该模型为基于`Transformer`的视频生成模型，包含`Video Encoder-Decoder`用于视频/图像的压缩/恢复，`Transformer-based Latent Stable Diffusion`用于扩散/恢复，以及`Conditioning`用于生成对训练视频的条件（这里指文本描述）。

![alt text](readme_imgs/image-1.png)


## 算法原理

该算法通过在隐空间使用`Transformer`模型对视频进行扩散/反扩散学习视频的分布。

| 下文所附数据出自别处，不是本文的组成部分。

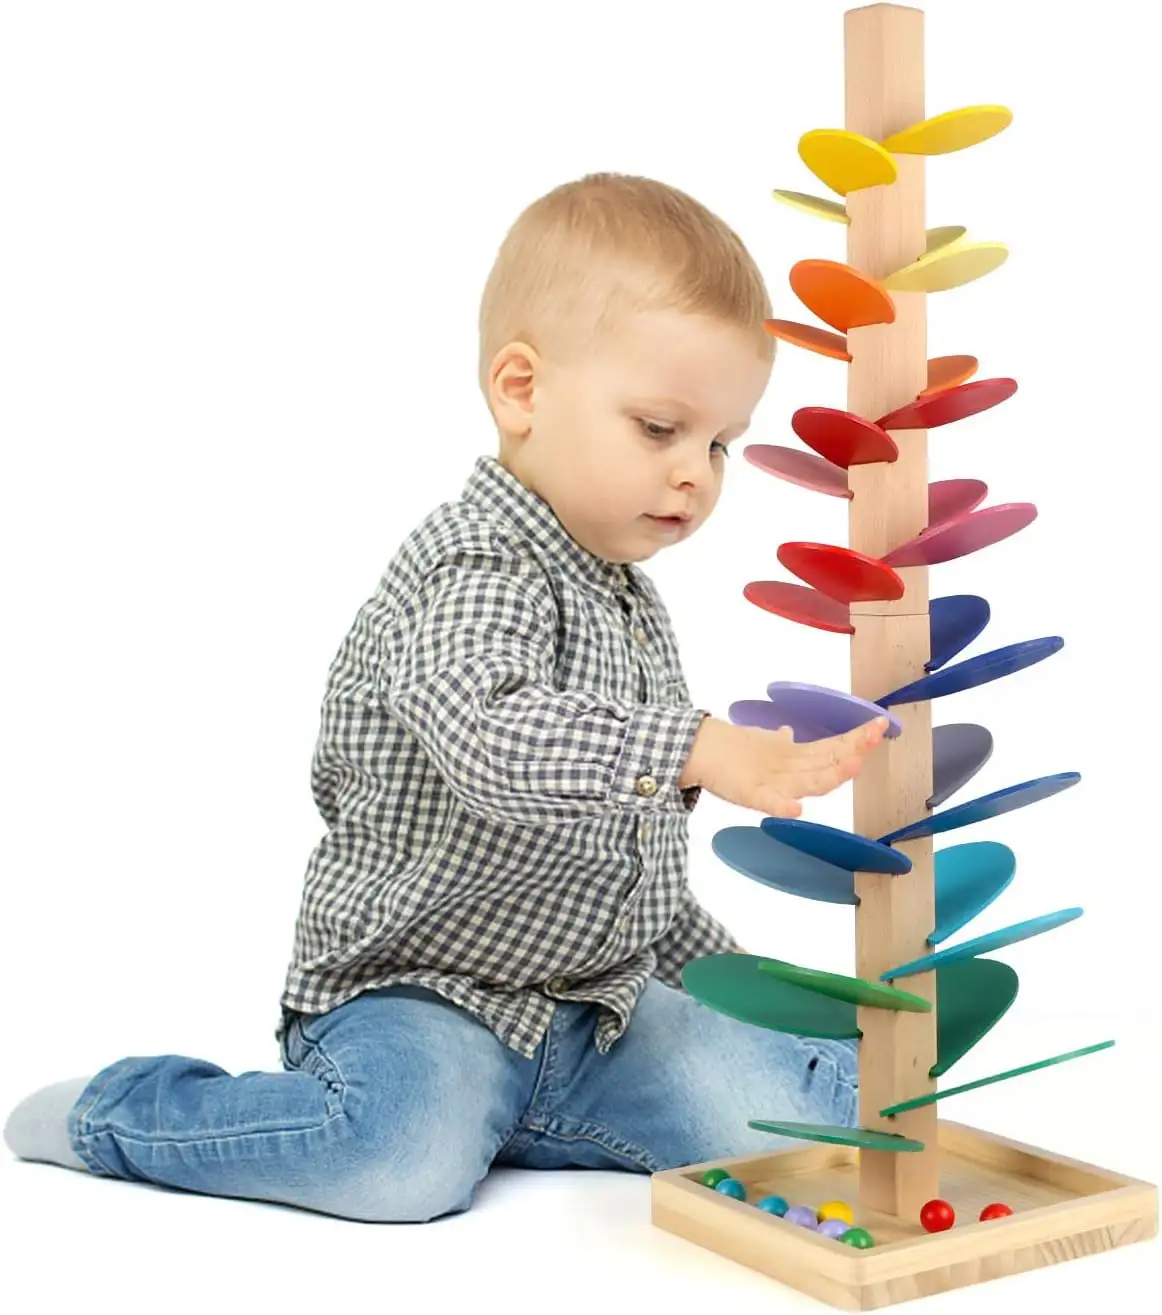 Albero di legno giocattolo per i più piccoli, palla corsa pista di gioco per i bambini, musica albero educativo Montessori giocattolo ragazzo ragazza regali

![alt text](readme_imgs/image-2.png)


## 环境配置

### Docker（方法一）

    docker pull image.sourcefind.cn:5000/dcu/admin/base/pytorch:2.3.0-ubuntu20.04-dtk24.04.2-py3.10

    docker run --shm-size 10g --network=host --name=opensora --privileged --device=/dev/kfd --device=/dev/dri --group-add video --cap-add=SYS_PTRACE --security-opt seccomp=unconfined -v 项目地址(绝对路径):/home/ -v /opt/hyhal:/opt/hyhal:ro -it <your IMAGE ID> bash

    pip install -r requirements.txt

    pip install .
    
    pip install bitsandbytes-0.42.0+das.opt1.dtk24042-py3-none-any.whl [开发者社区](https://download.sourcefind.cn:65024/directlink/4/bitsandbytes/DAS1.2/bitsandbytes-0.42.0+das.opt1.dtk24042-py3-none-any.whl)
    pip install diffusers-0.29.0+das.opt1.dtk24042-py3-none-any.whl [开发者社区](https://download.sourcefind.cn:65024/directlink/4/diffusers/DAS1.2/diffusers-0.29.0+das.opt1.dtk24042-py3-none-any.whl)


### Dockerfile（方法二）

    # 需要在对应的目录下
    docker build -t <IMAGE_NAME>:<TAG> .

    docker run --shm-size 10g --network=host --name=opensora --privileged --device=/dev/kfd --device=/dev/dri --group-add video --cap-add=SYS_PTRACE --security-opt seccomp=unconfined -v 项目地址(绝对路径):/home/ -v /opt/hyhal:/opt/hyhal:ro -it <your IMAGE ID> bash

    pip install -r requirements.txt

    pip install .
    
    pip install bitsandbytes-0.42.0+das.opt1.dtk24042-py3-none-any.whl [开发者社区](https://download.sourcefind.cn:65024/directlink/4/bitsandbytes/DAS1.2/bitsandbytes-0.42.0+das.opt1.dtk24042-py3-none-any.whl)
    pip install diffusers-0.29.0+das.opt1.dtk24042-py3-none-any.whl [开发者社区](https://download.sourcefind.cn:65024/directlink/4/diffusers/DAS1.2/diffusers-0.29.0+das.opt1.dtk24042-py3-none-any.whl)


### Anaconda (方法三)
1、关于本项目DCU显卡所需的特殊深度学习库可从光合开发者社区下载安装：
https://developer.sourcefind.cn/tool/

    DTK驱动：dtk24.04.2
    python：python3.10
    torch:2.3.0
    torchvision:0.18.1
    triton:2.1.0
    apex:1.3.0
    bitsandbytes:0.42.0
    diffusers:0.29.0

Tips：以上dtk驱动、python、torch等DCU相关工具版本需要严格一一对应

2、其它非特殊库参照requirements.txt安装

    pip install -r requirements.txt

    pip install .

## 数据集

完整数据集（hd-vg-130m）下载：https://drive.google.com/drive/folders/154S6raNg9NpDGQRlRhhAaYcAx5xq1Ok8   

可使用下列数据用于快速验证

https://opendatalab.com/OpenDataLab/ImageNet-1K/tree/main/raw (ImageNet)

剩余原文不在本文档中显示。